THE PROBLEM: Quote the listing below in its entirety, omitting every image.

RAW DATA:
Segment Open

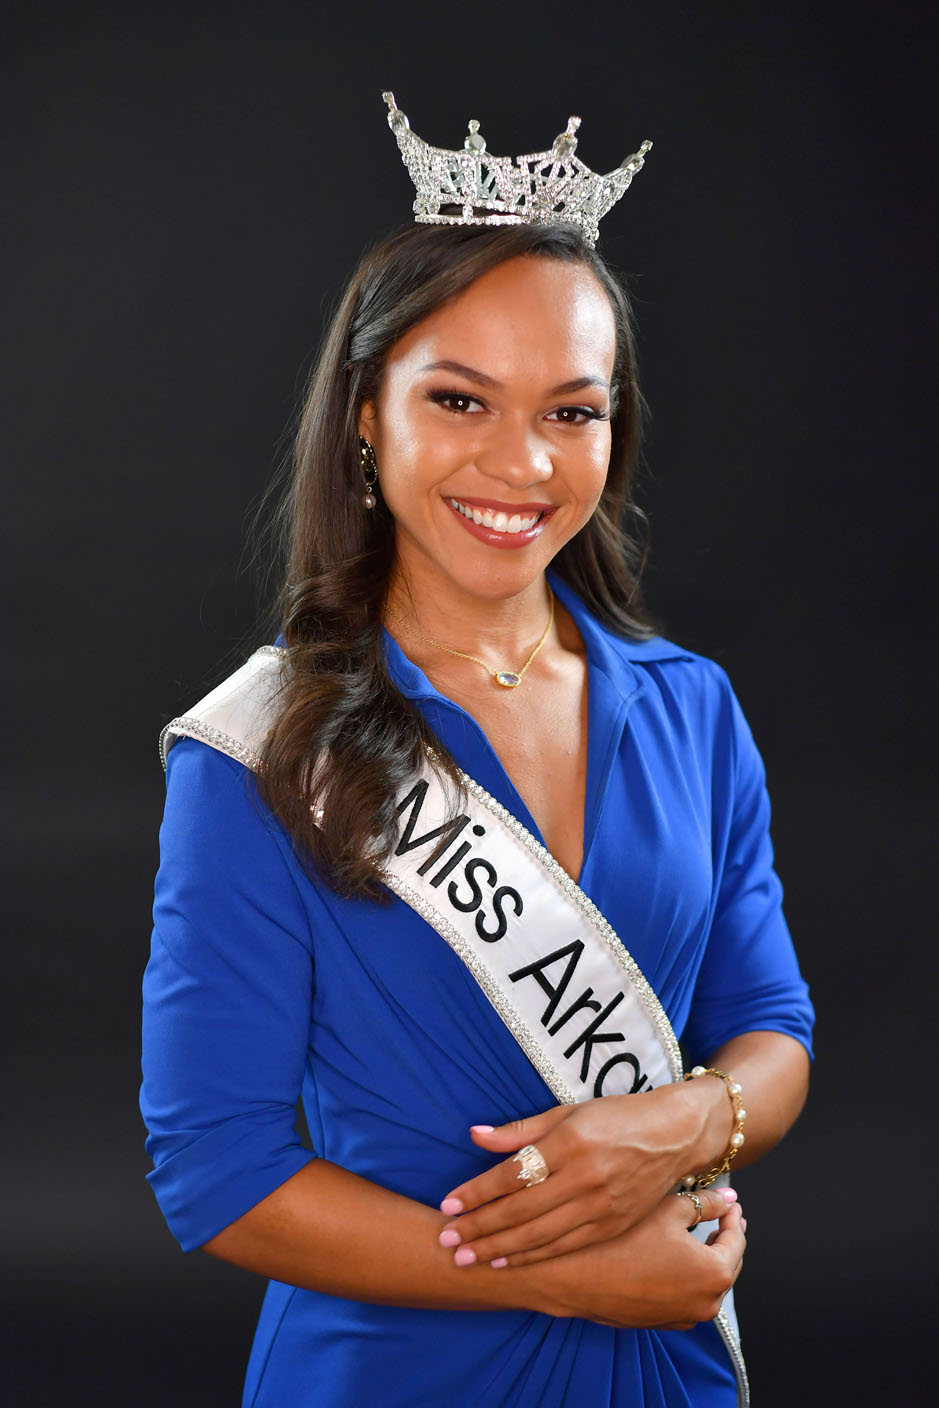 There she is … Persistence pays off for new Miss Arkansas
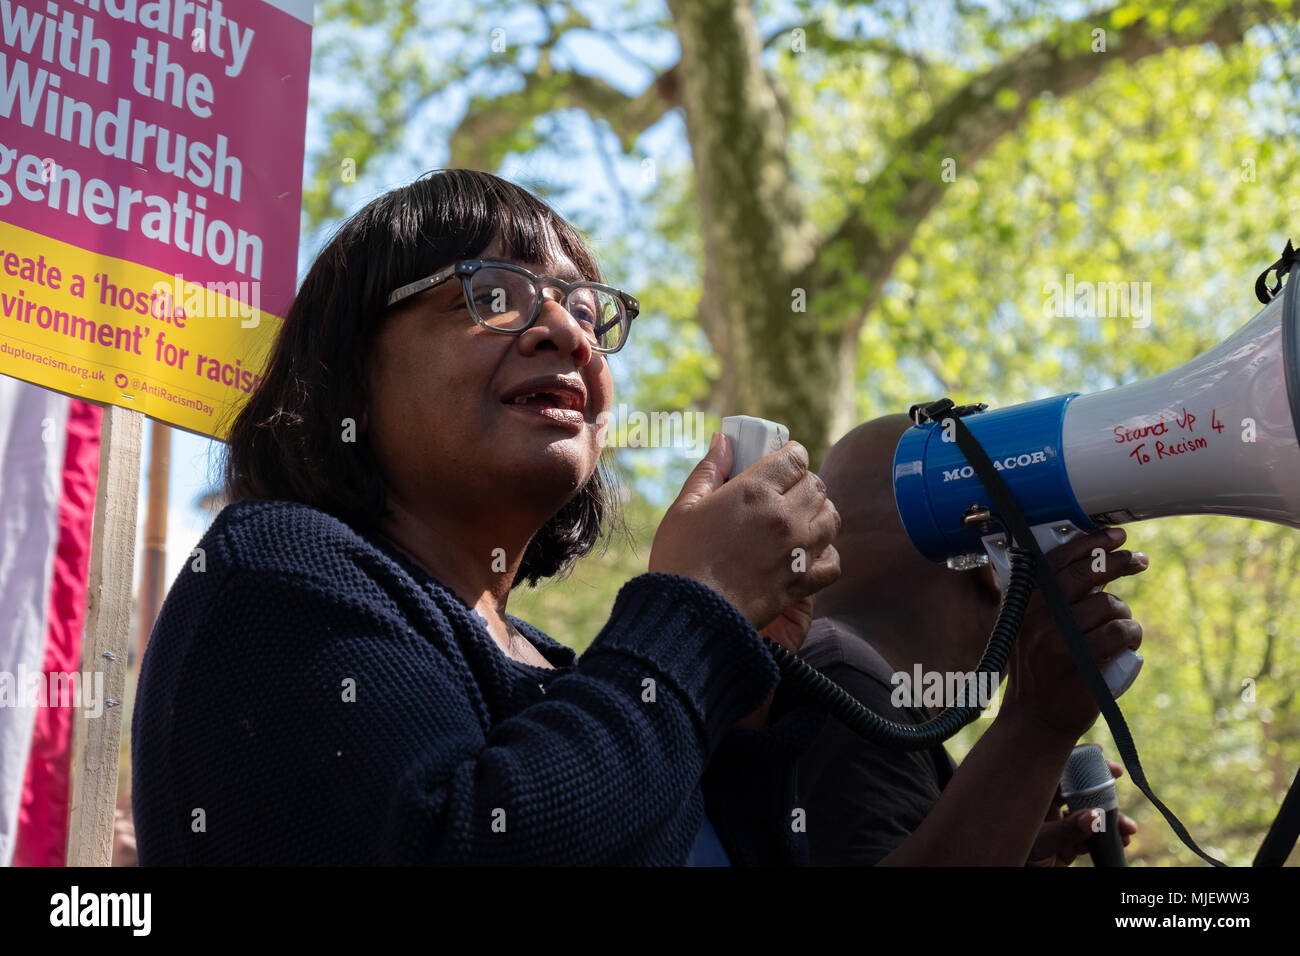 London, UK, 5th May 2018, Demonstrators attend a march for Windrush opposite Downing Street in an attempt to overturn the governments immigration policy stating Theresa May's current policy is racist. Diane Abbott MP gives a speech to the attendees Credit: adrian looby/Alamy Live News Stock Photo
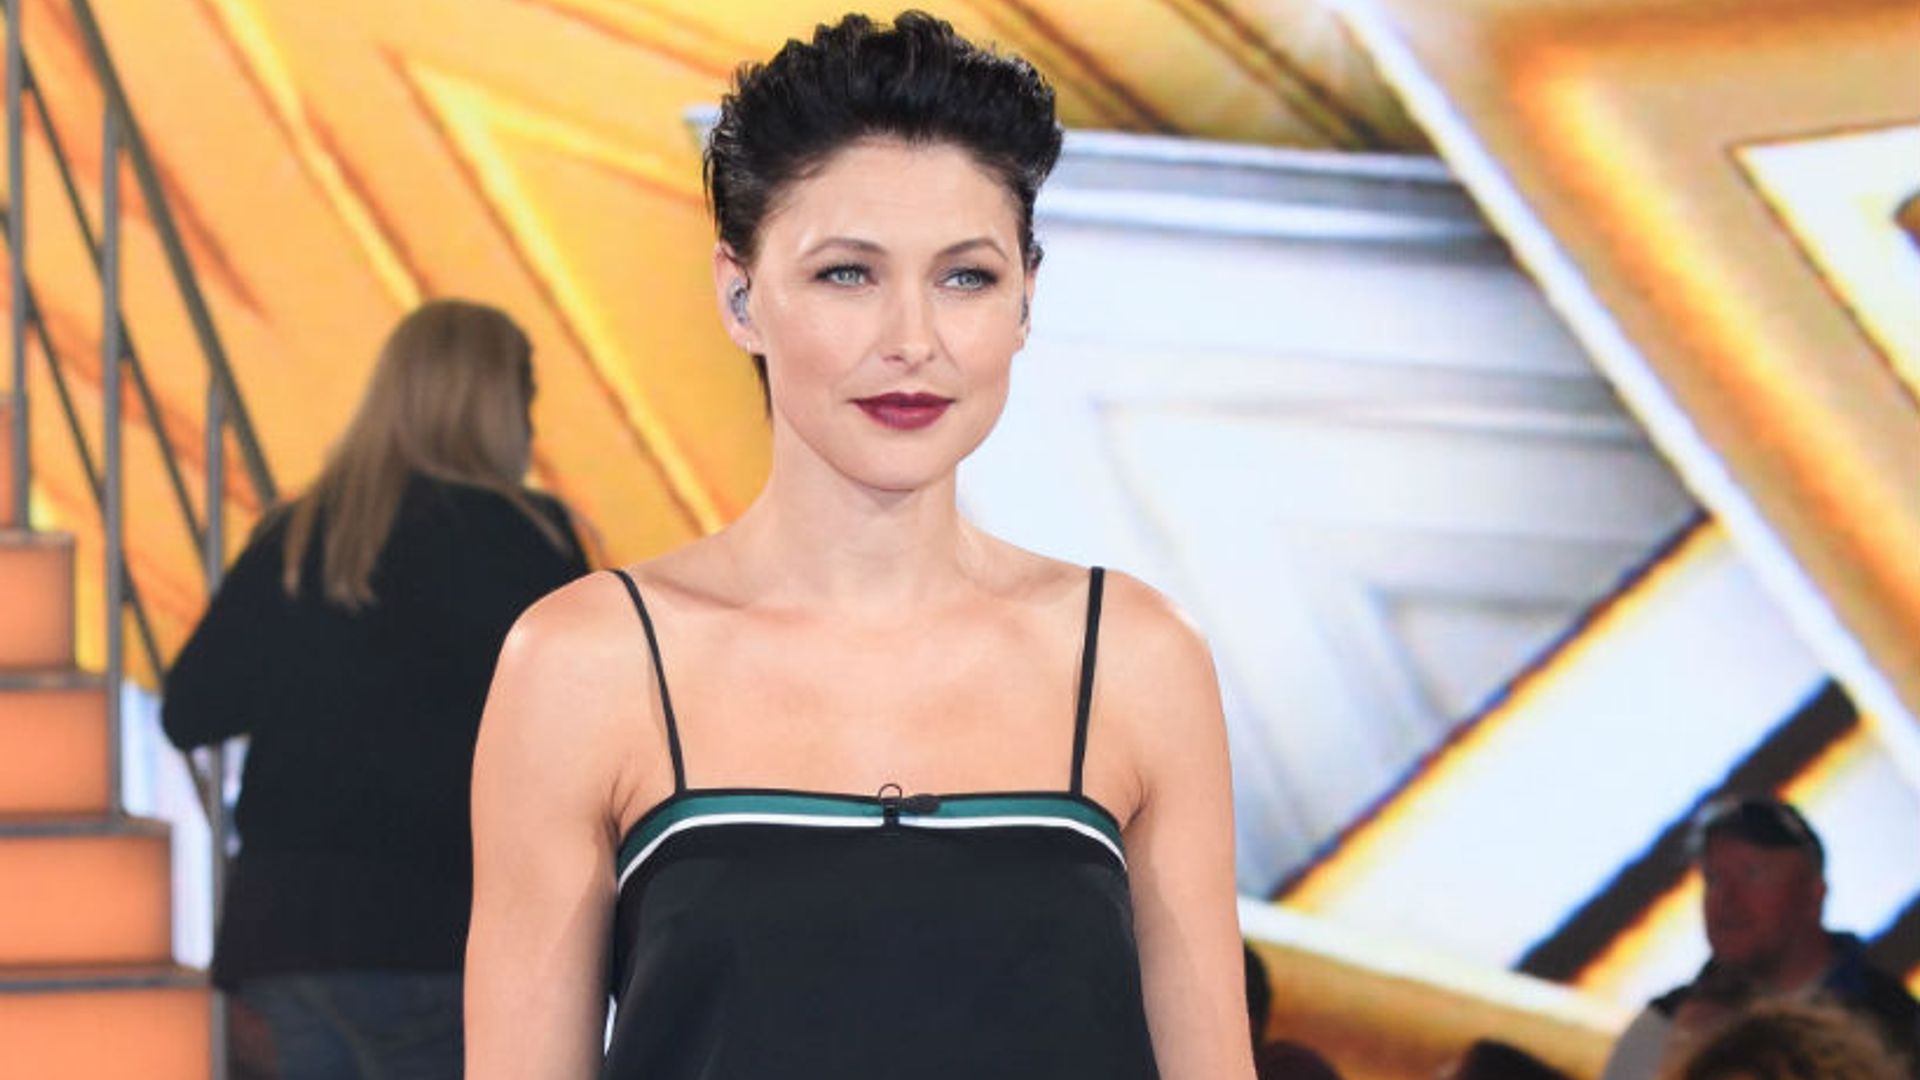 Emma Willis wears stylish Victoria Beckham two-piece while on presenting duties

Segment Closed

SOLVED PROBLEM:
 There she is … Persistence pays off for new Miss Arkansas
 London, UK, 5th May 2018, Demonstrators attend a march for Windrush opposite Downing Street in an attempt to overturn the governments immigration policy stating Theresa May's current policy is racist. Diane Abbott MP gives a speech to the attendees Credit: adrian looby/Alamy Live News Stock Photo
 Emma Willis wears stylish Victoria Beckham two-piece while on presenting duties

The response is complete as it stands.